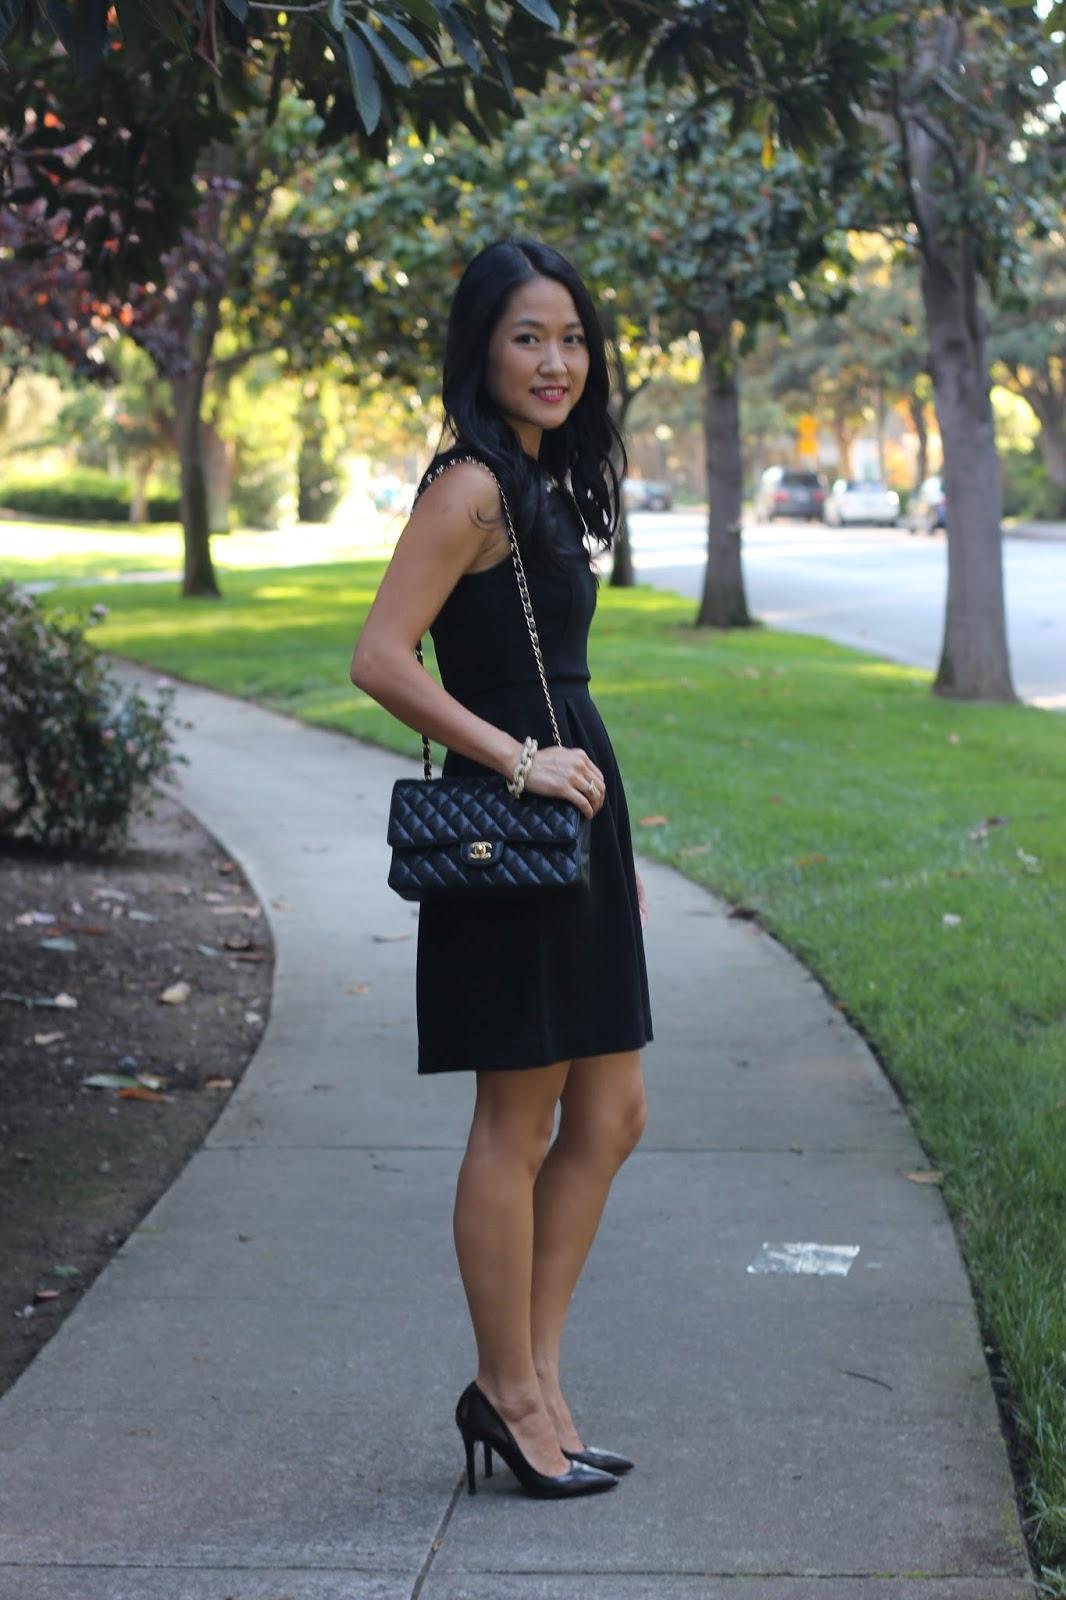 Upscale Casual Dress Code
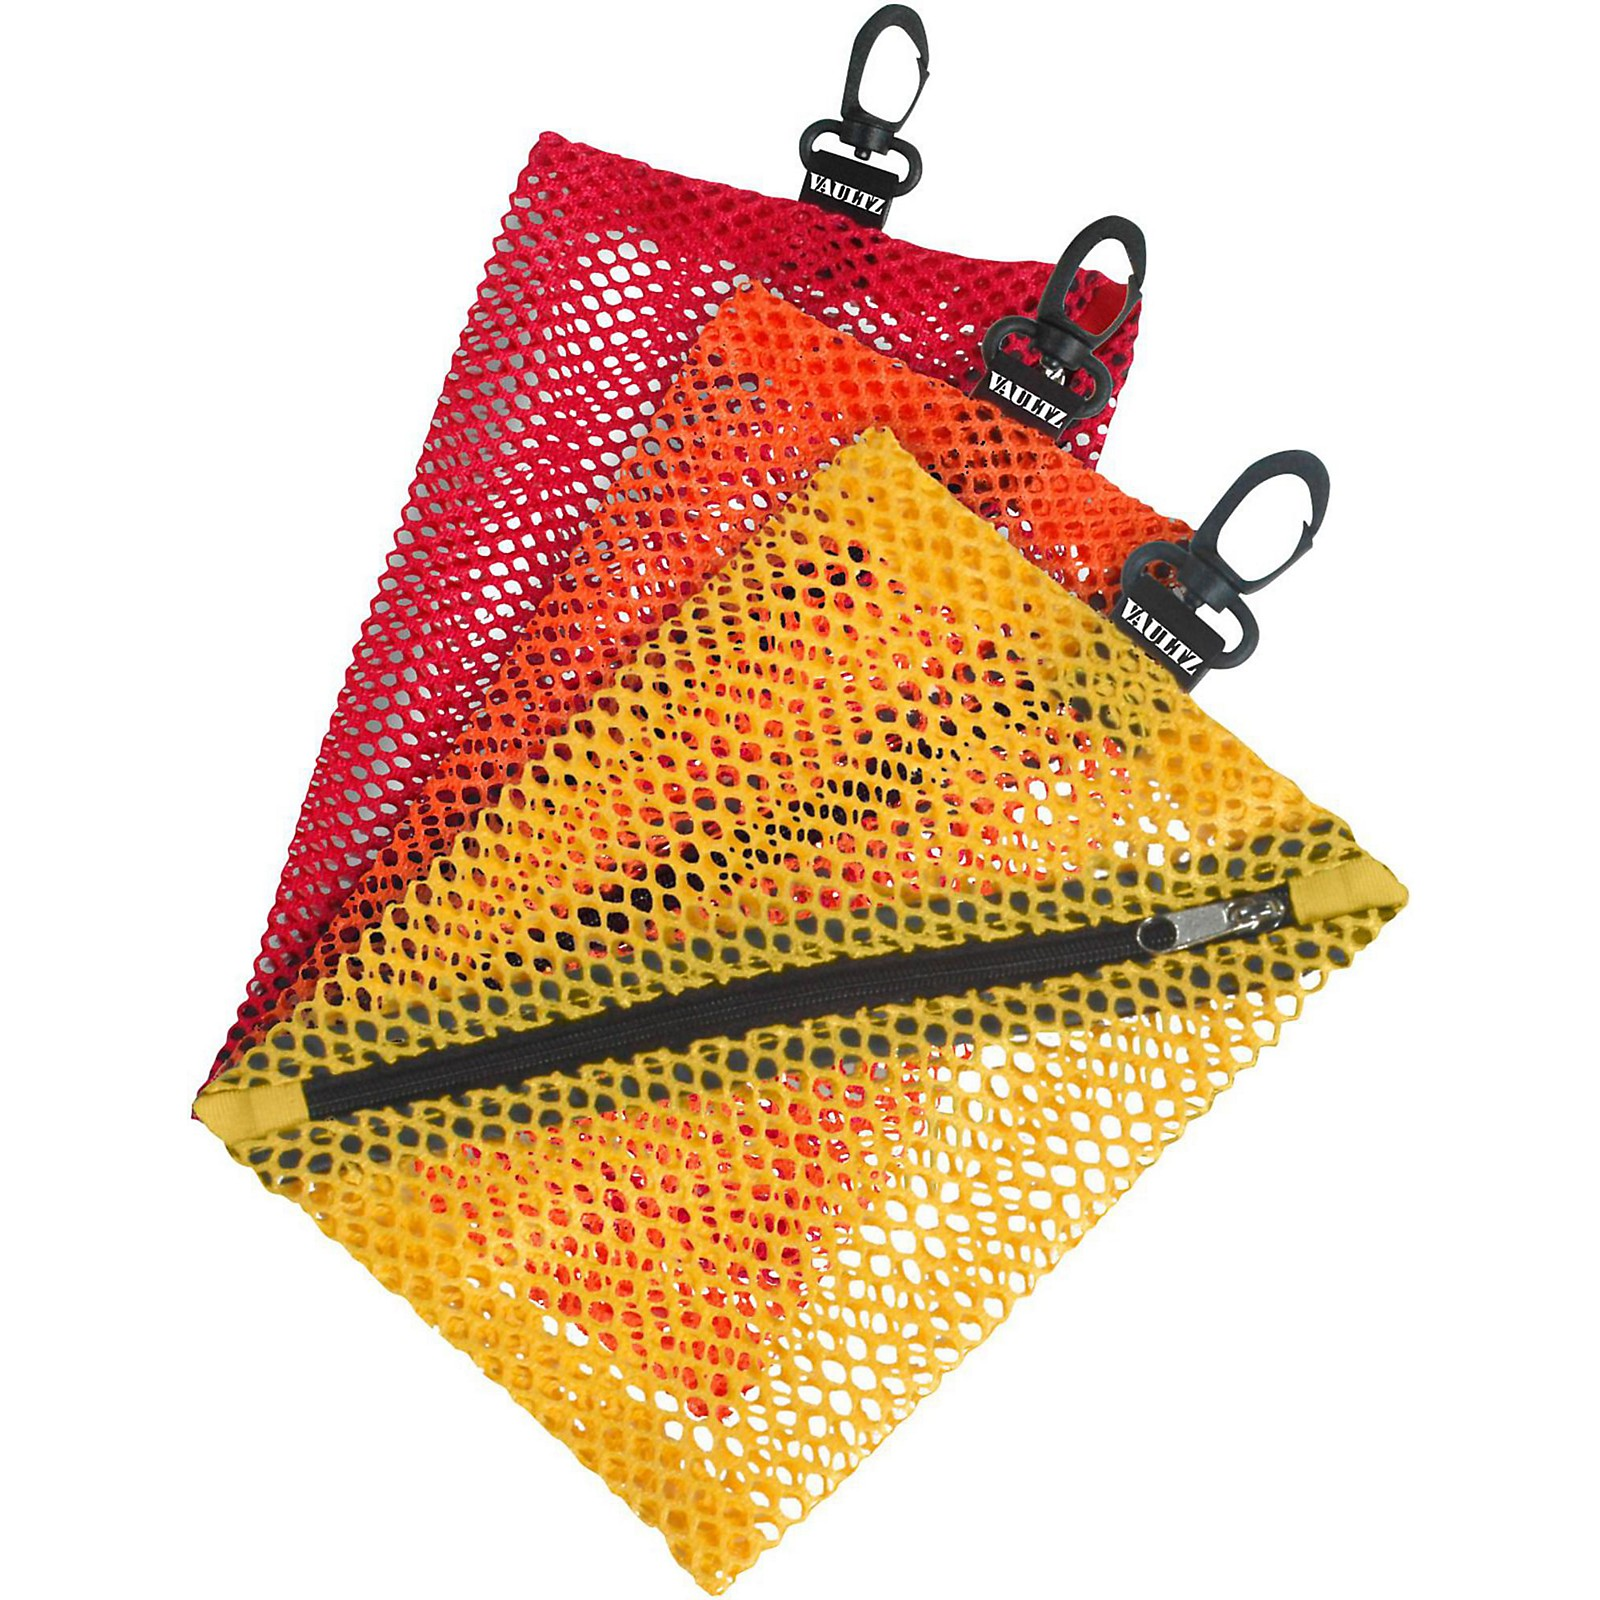 Vaultz Mesh Bag 3-Pack
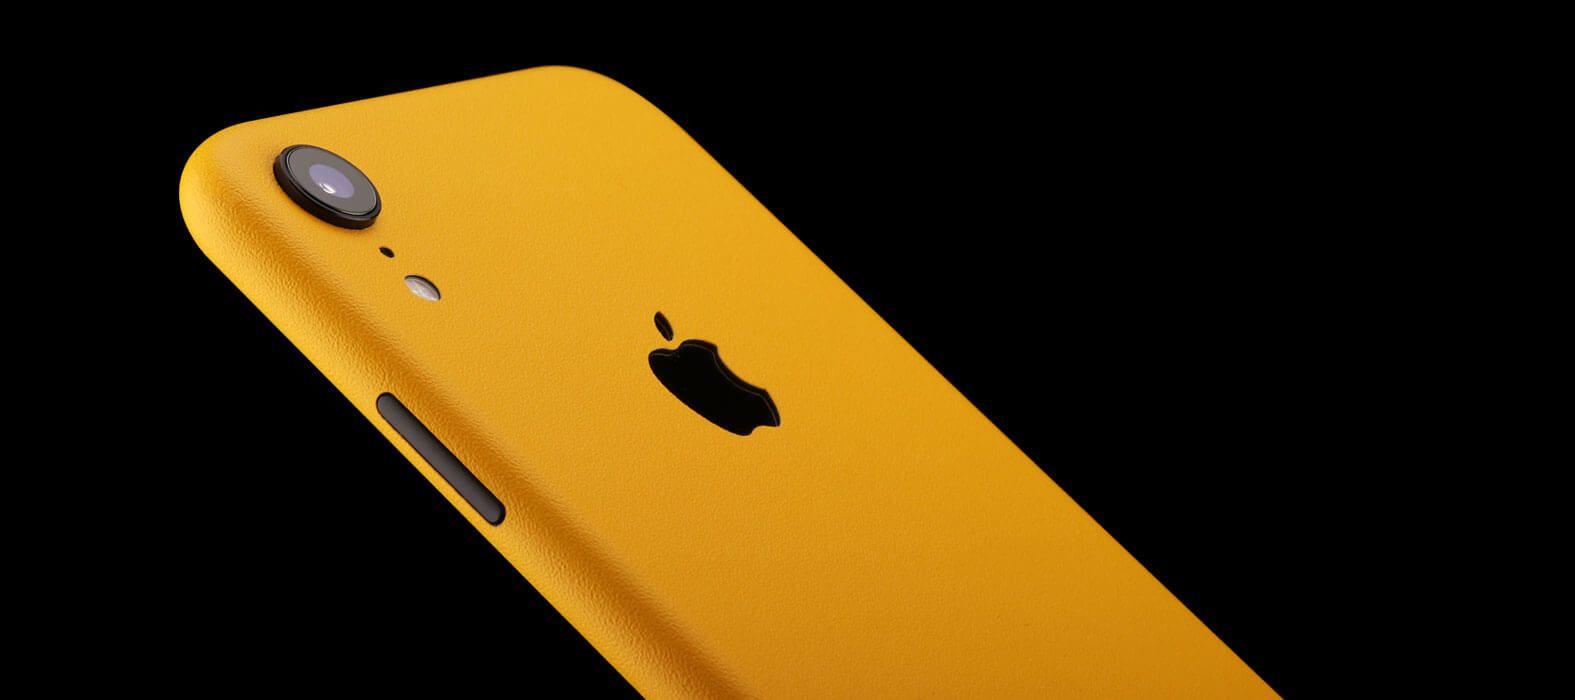 iphone-xr--sandstone-yellow_skins
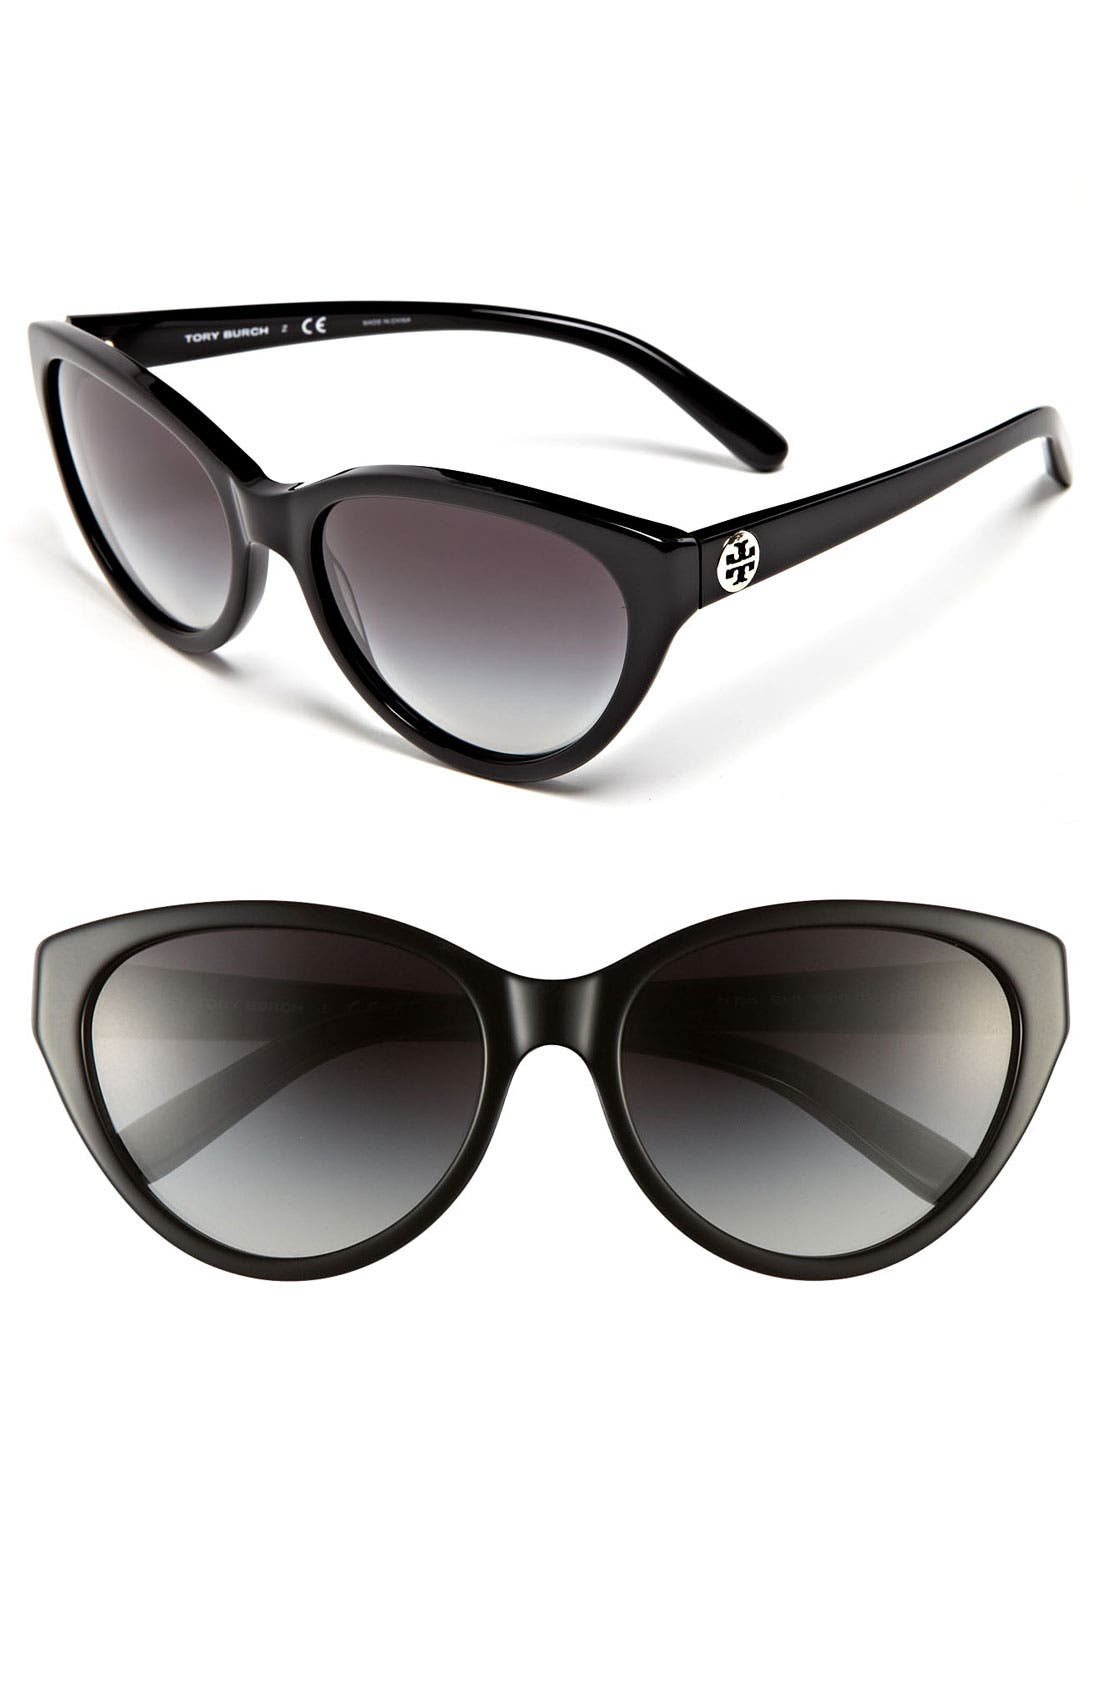 Main Image - Tory Burch 57mm Retro Sunglasses
_ _ _ _ _ _ _
* _Description of the task_
Take the line with "iphone-xr--sandstone-yellow_skins" and every line after it through the end of the data, and write only them out exactly, leaving out the pictures.

* _Answer box_
 iphone-xr--sandstone-yellow_skins
 Main Image - Tory Burch 57mm Retro Sunglasses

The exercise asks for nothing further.